= What the task requires =
No pictures, please: print exactly the lines from the one that contains "Cuisine en voiture" through the last line of the listing.

= Provided data =
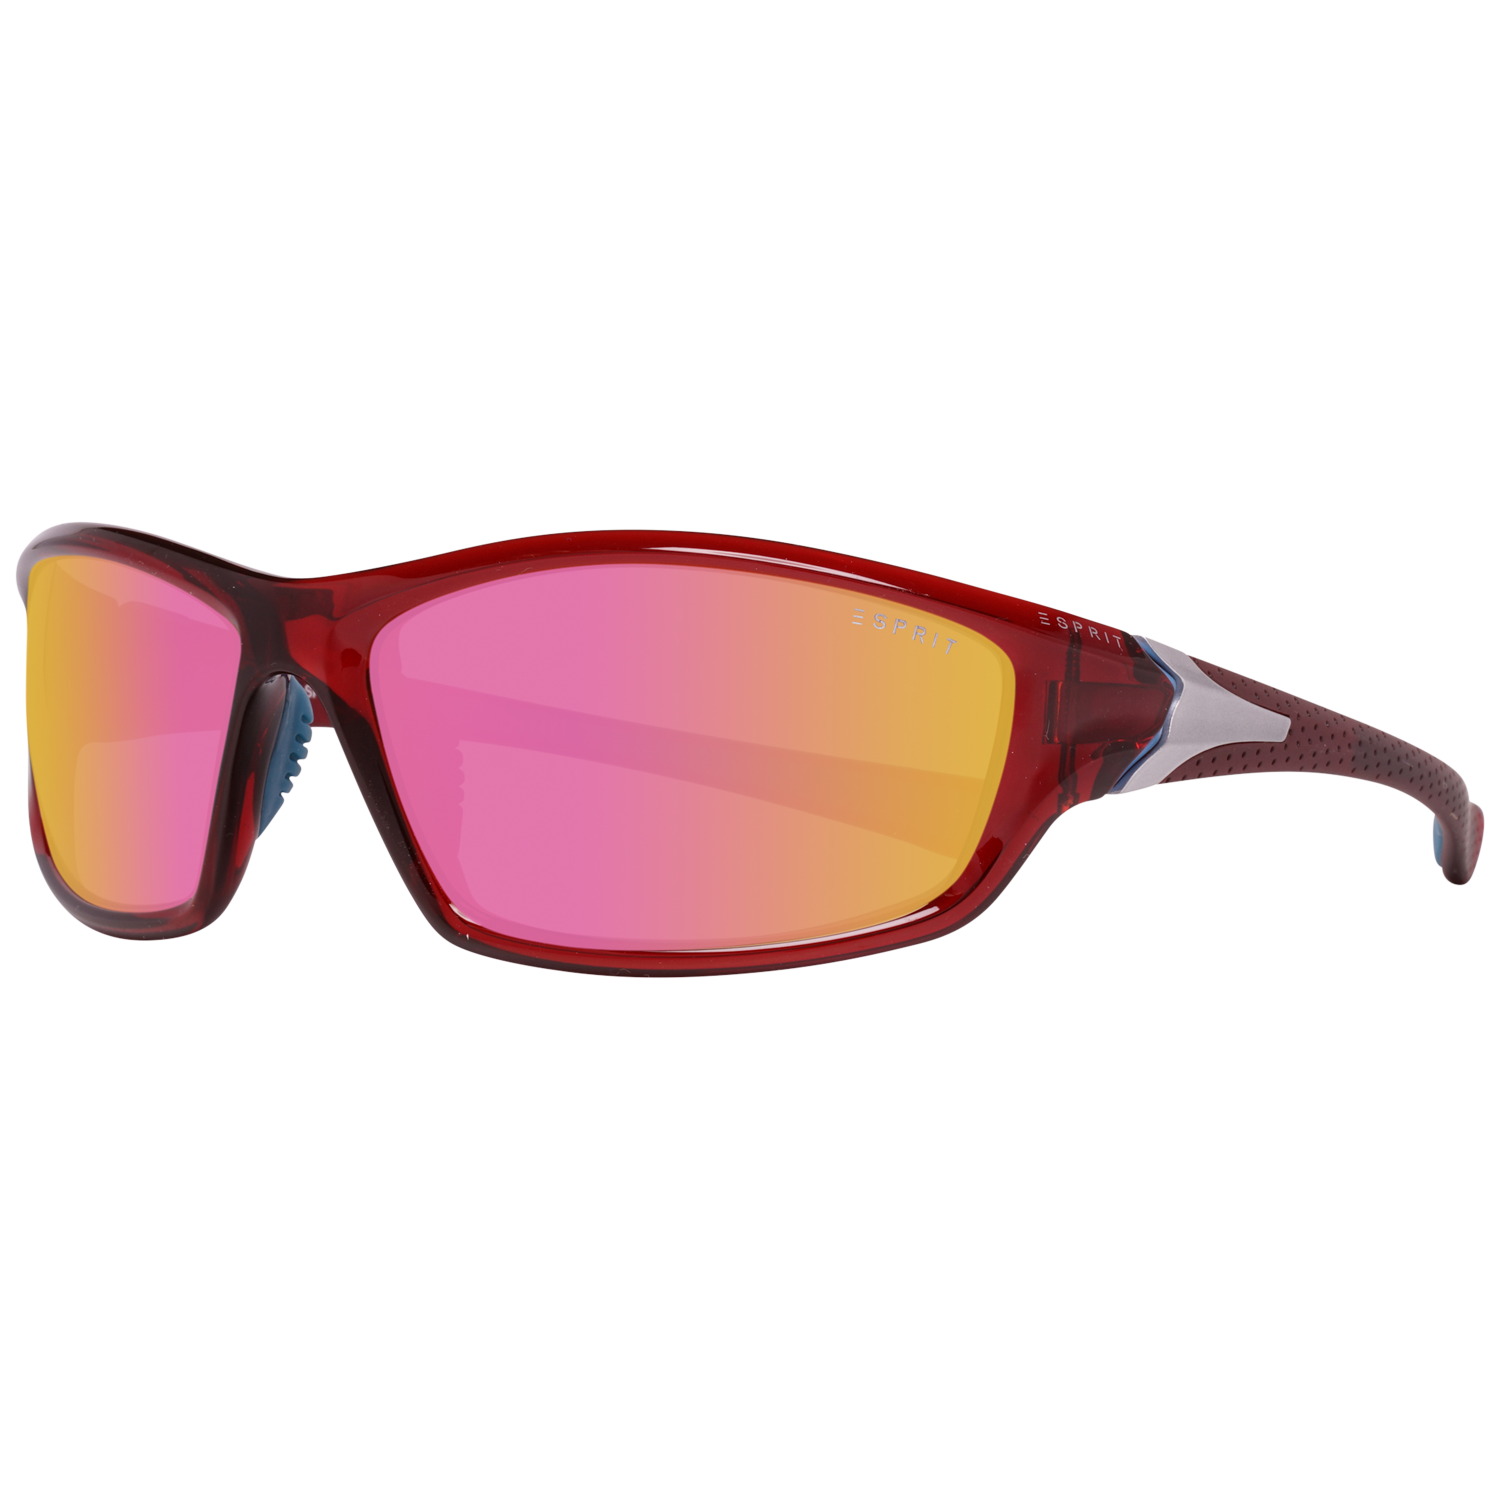 Esprit Sunglasses ET19579 531 63 Red
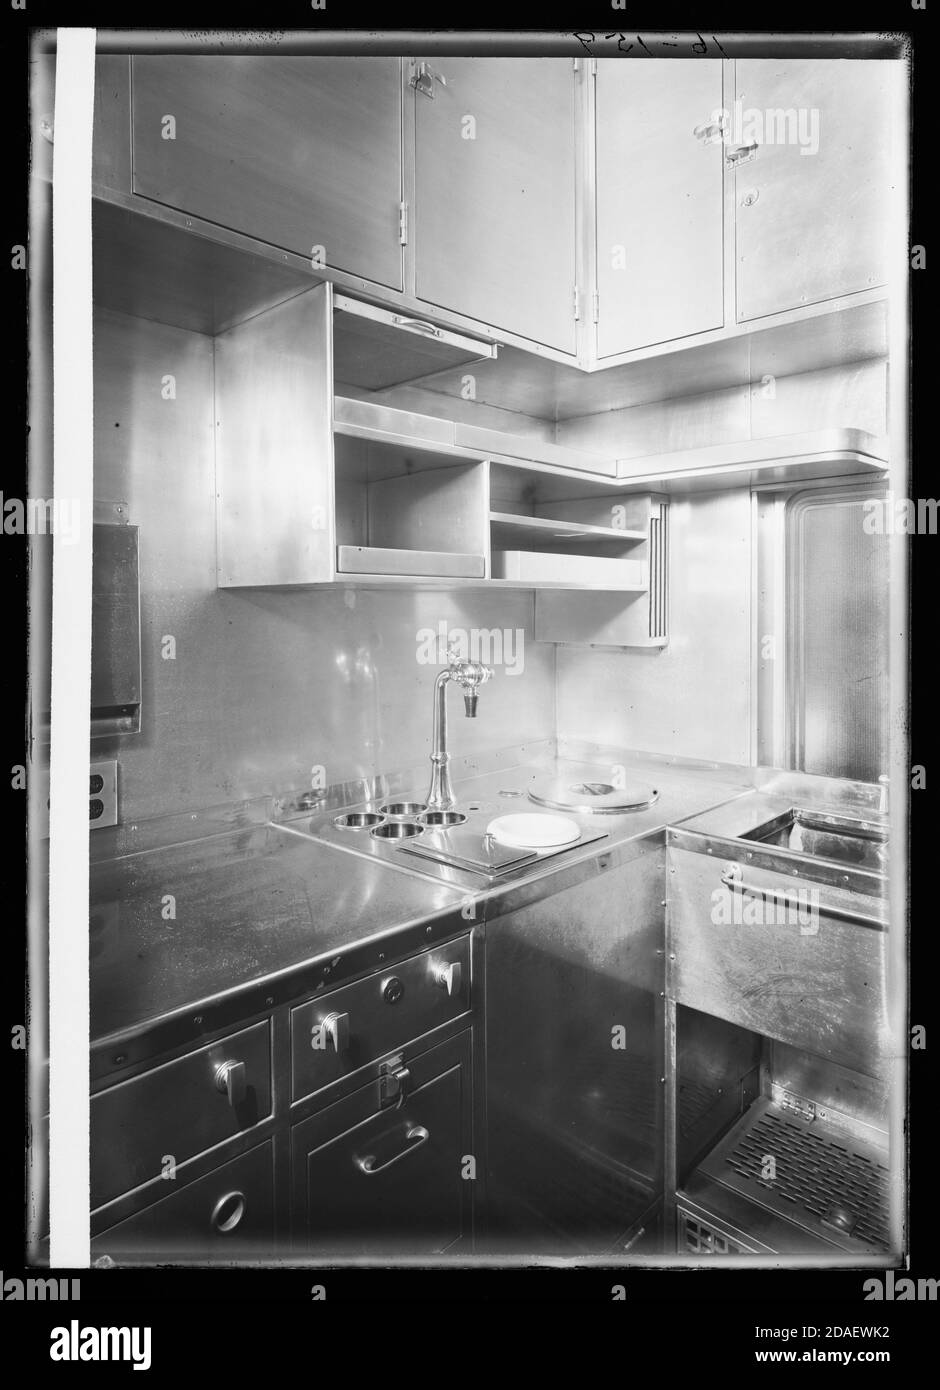 Cuisine en voiture en aluminium nommée George M. Pullman, exposée au siècle du progrès à Chicago en 1933. Banque D'Images
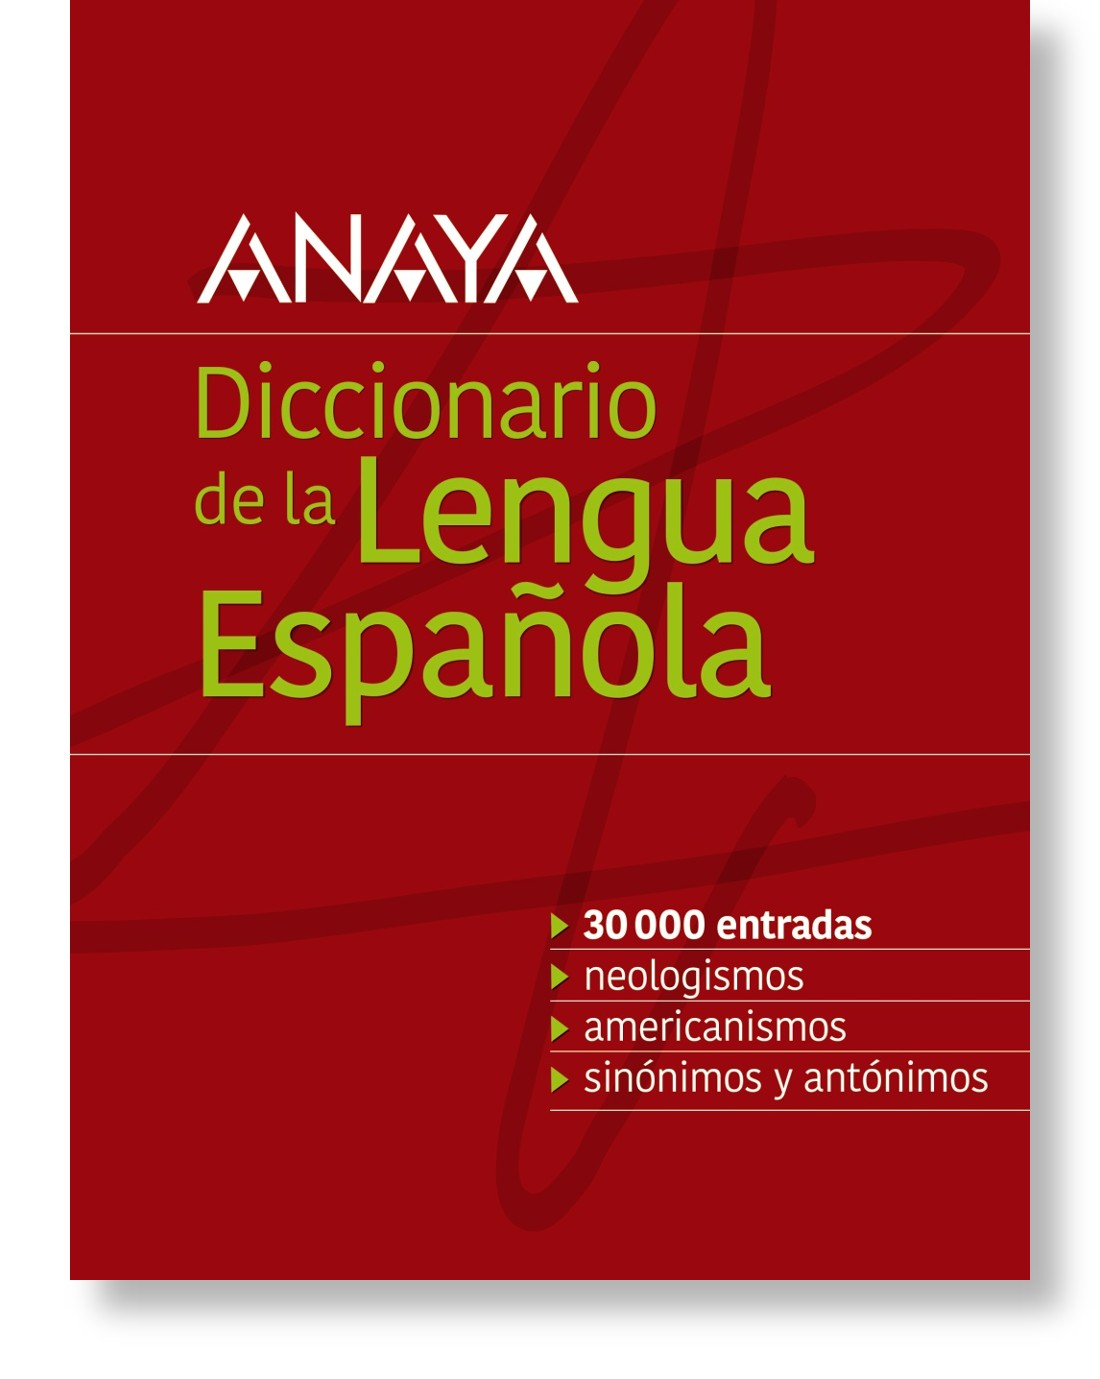 Diccionario Anaya de la Lengua
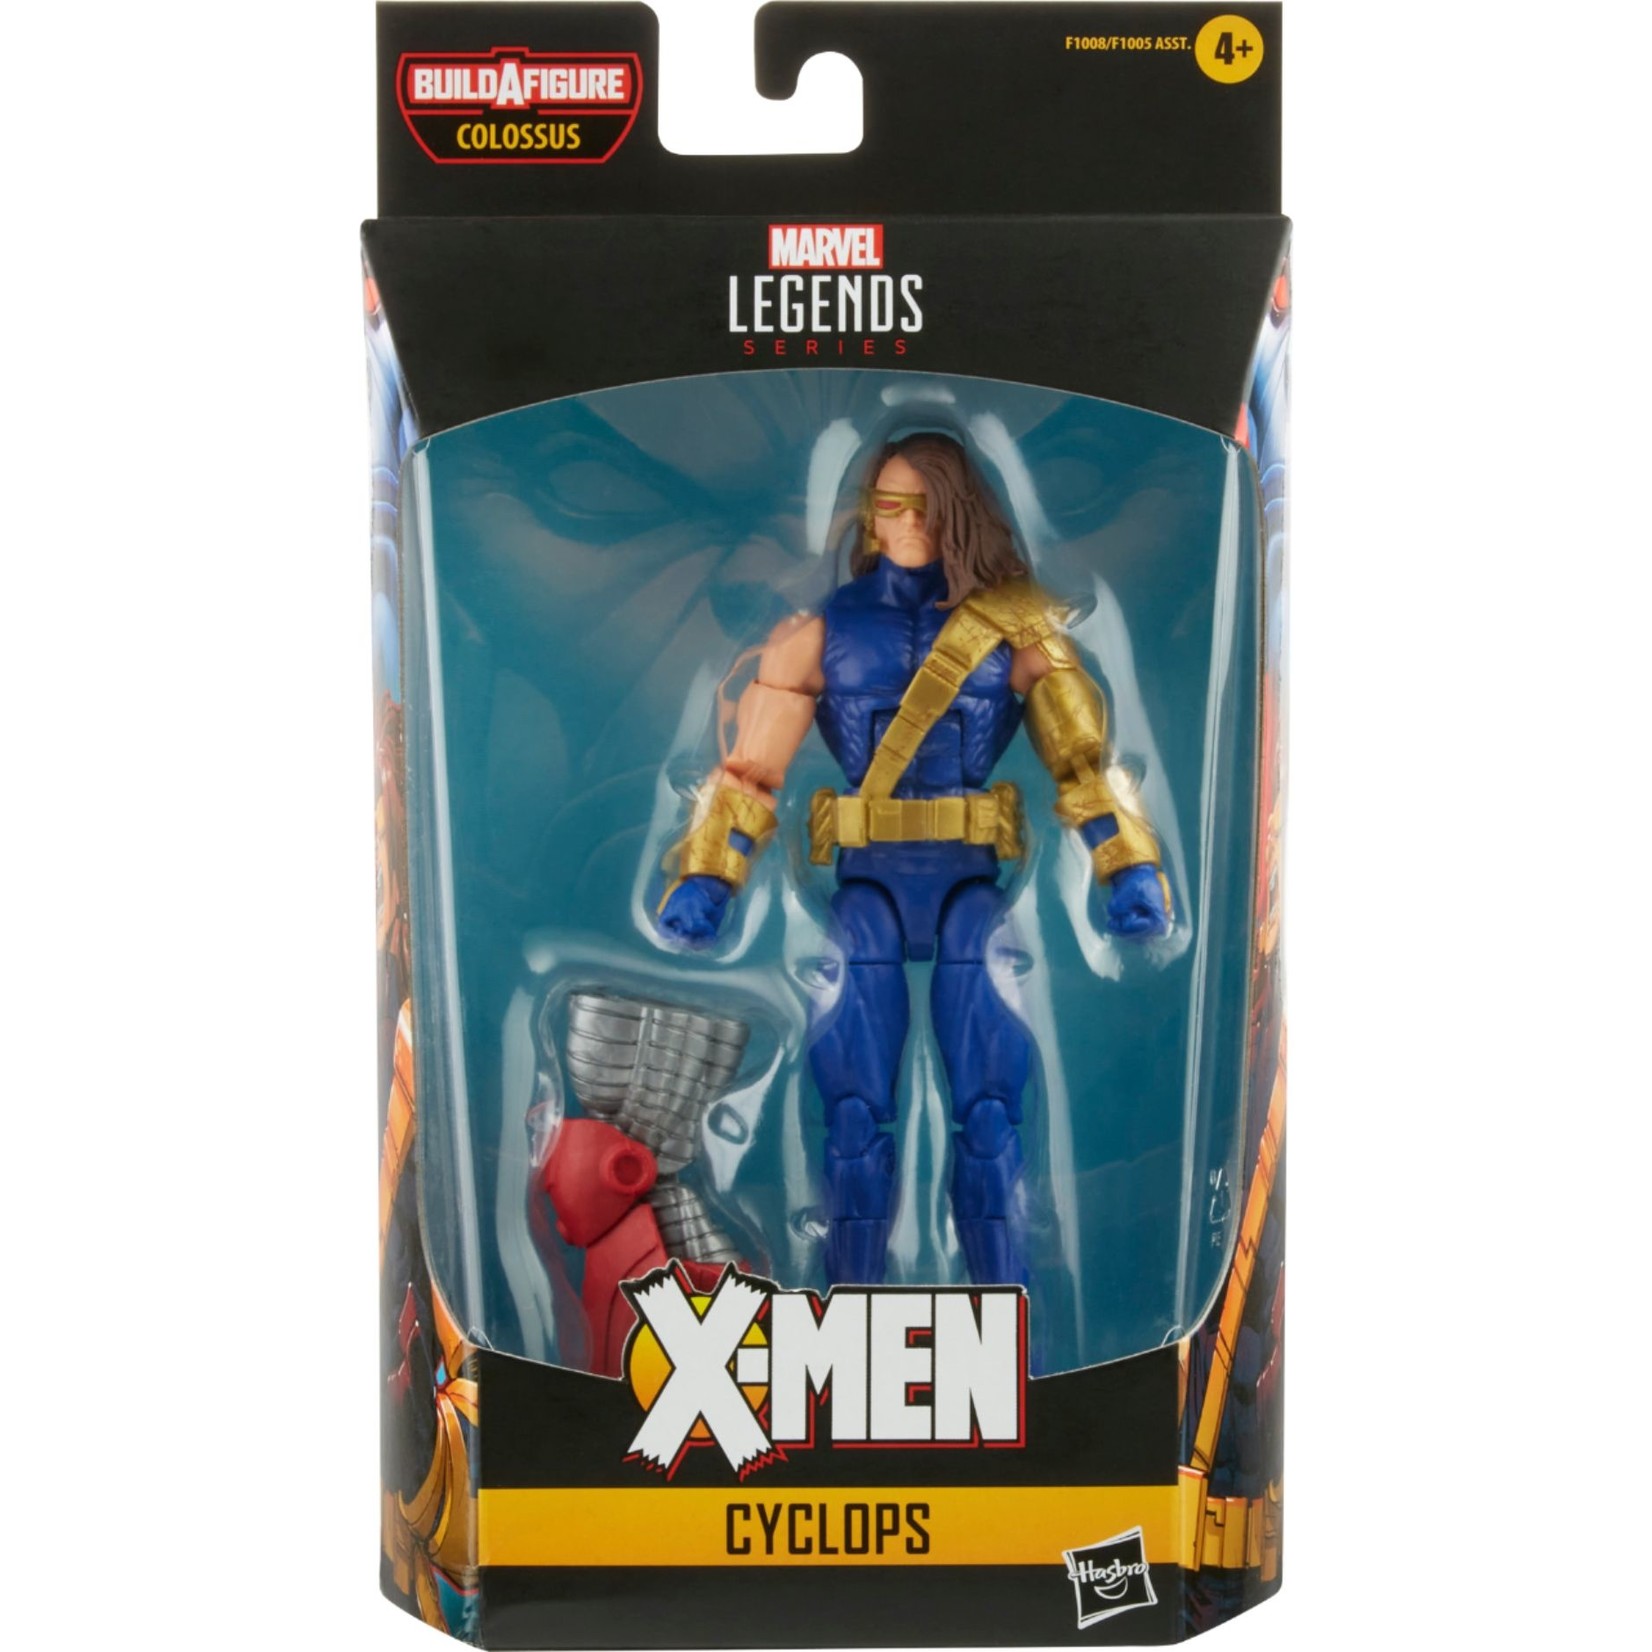 Marvel Legends Marvel Legends Series X-Men 6-inch Action Figure - Cyclops

= Problem solution =
 Cuisine en voiture en aluminium nommée George M. Pullman, exposée au siècle du progrès à Chicago en 1933. Banque D'Images
 Diccionario Anaya de la Lengua
 Marvel Legends Marvel Legends Series X-Men 6-inch Action Figure - Cyclops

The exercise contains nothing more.